The five-men, three-woman jury returned five quick guilty verdicts against Miguel Mateos-Martinez Wednesday, determining that he shot and killed Faviola Hernandez during a robbery at her Glendale neighborhood salon in 2007.

"My legs are weak, but I feel relieved finding justice for my family," Hernandez's mother, Rosa, said following the reading of the verdict. "I am never going to forgive him."

Mateos-Martinez was charged with aggravated murder, two counts of aggravated robbery, first-degree felonies, and two counts of aggravated assault, a third-degree felony, in the shooting death of Hernandez, 24, on Aug. 15, 2007. The jury found him guilty on all five counts.

When he is sentenced April 12, he faces the possibility of life in prison without parole for the aggravated murder charge.

Attorneys for the 23-year-old man were adamant that he wasn't the armed man who walked into Hernandez's Salt Lake salon and demanded money. Primarily, they said he didn't match the suspect description and didn't have a tattoo on his inner arm, as witnesses described.
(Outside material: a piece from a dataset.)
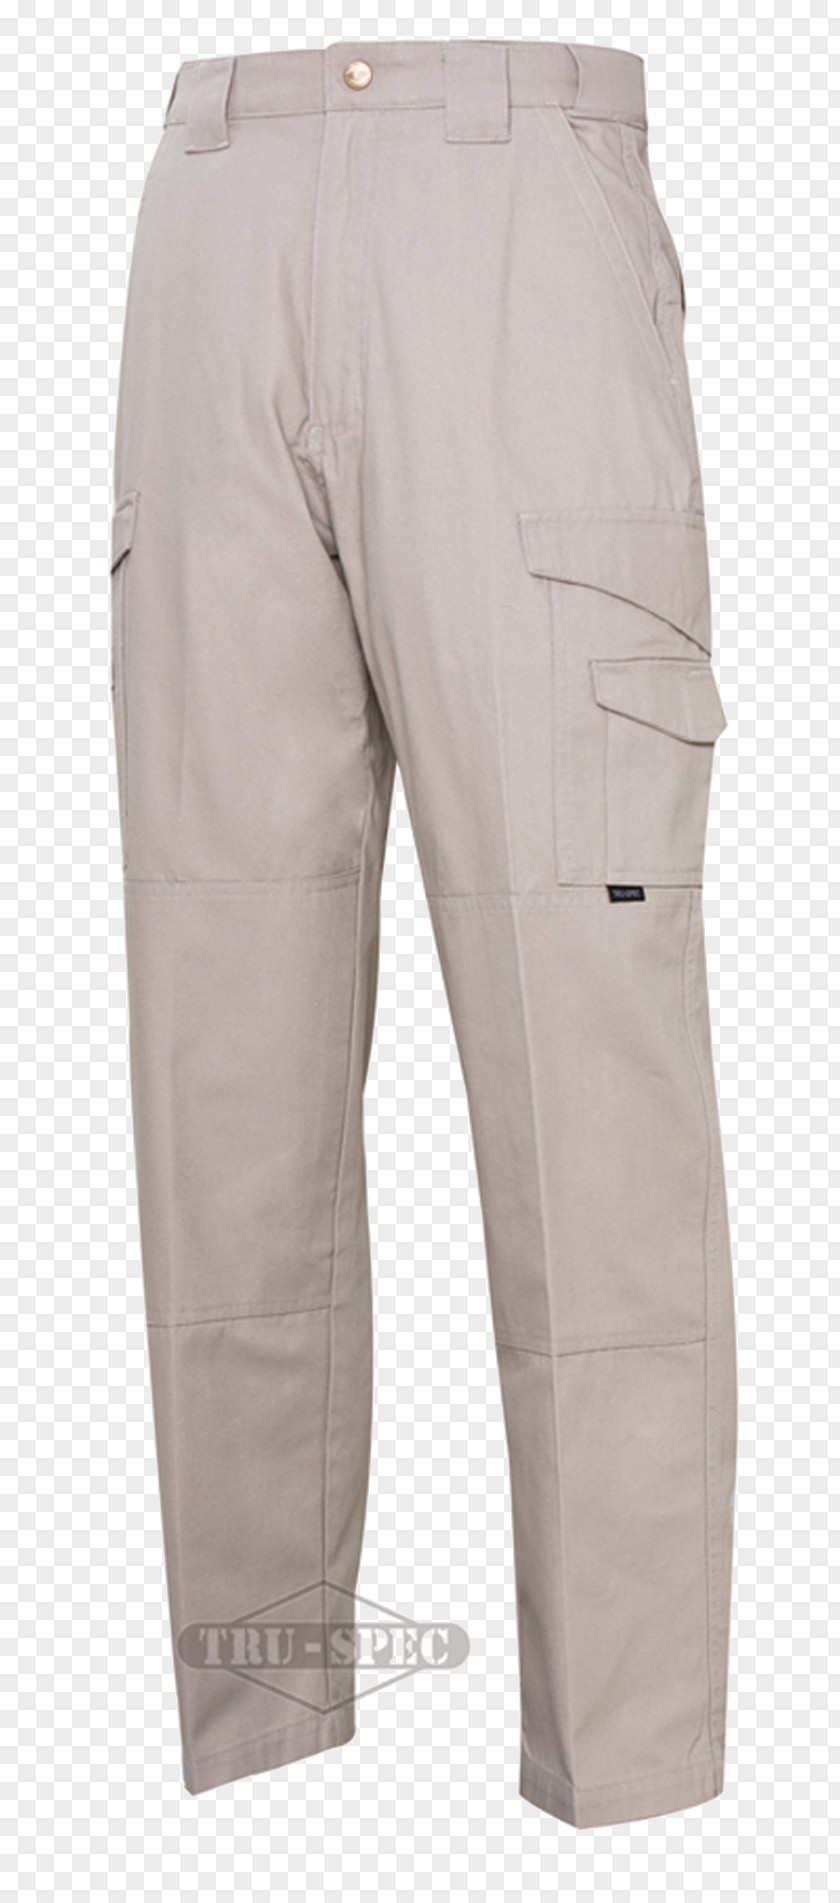 TRU-SPEC Tactical Pants Clothing Military Tactics PNG

"There's just so many reasons to doubt (the state's) case," defense attorney Ralph Dellapiana said. "You only need one, but there are several reasons to doubt Miguel Mateos is a murderer-robber."

But both a woman who testified to being in the getaway car and a former jail inmate said Mateos-Martinez told them he shot the shop owner.

"It was me or her, so I pulled the trigger," prosecutor Patricia Cassell said, paraphrasing a note Mateos-Martinez allegedly passed to a fellow inmate. "All this together points to the defendant. It was this defendant who walked in that shop. He raised his gun and as soon as Faviola came out of that side room, in his words, 'it was me or her.' He shot to kill."

According to Cassell, that evidence coupled with the fact that two eyewitnesses separately identified Mateos-Martinez, completed the "puzzle" of the man's guilt.

"When you put it all together, the man who killed Faviola Hernandez took her away from her family, is that man, the defendant," she said, pointing to Mateos-Martinez.

Mateos-Martinez opened fire on Faviola Hernandez after she went into an adjacent room and returned with a small handgun instead of money. Two witnesses — a client and Hernandez's younger sister — identified Mateos-Martinez soon after the shooting and in court as the robber who fired a single shot into her chest, killing her.

The getaway driver involved in the robbery, Jesus Alarcon Jimenez, 25, was arrested driving a teal car in Midvale the day after the shooting. He was convicted in 2008 of murder and aggravated robbery and sentenced to two terms of up to life in prison.

Mateos-Martinez fled to Mexico after the shooting. He was arrested in that country and extradited to Utah in 2008.

Rosa Hernandez said she doesn't believe her daughter's killer has any remorse.

"I never met a person without a heart," she said. "He seems like an animal. I don't see no remorse at all. I see a person ... he's dead inside. He's empty."

She said Mateos-Martinez "ruined" her life and that of her family, but she wanted to focus on the memory of her daughter.

"I want everyone to remember my Favi as happy, as caring," she said. "She lived her life. She was the most funny person I've ever met. For how small she was, she had a bigger heart than anyone else."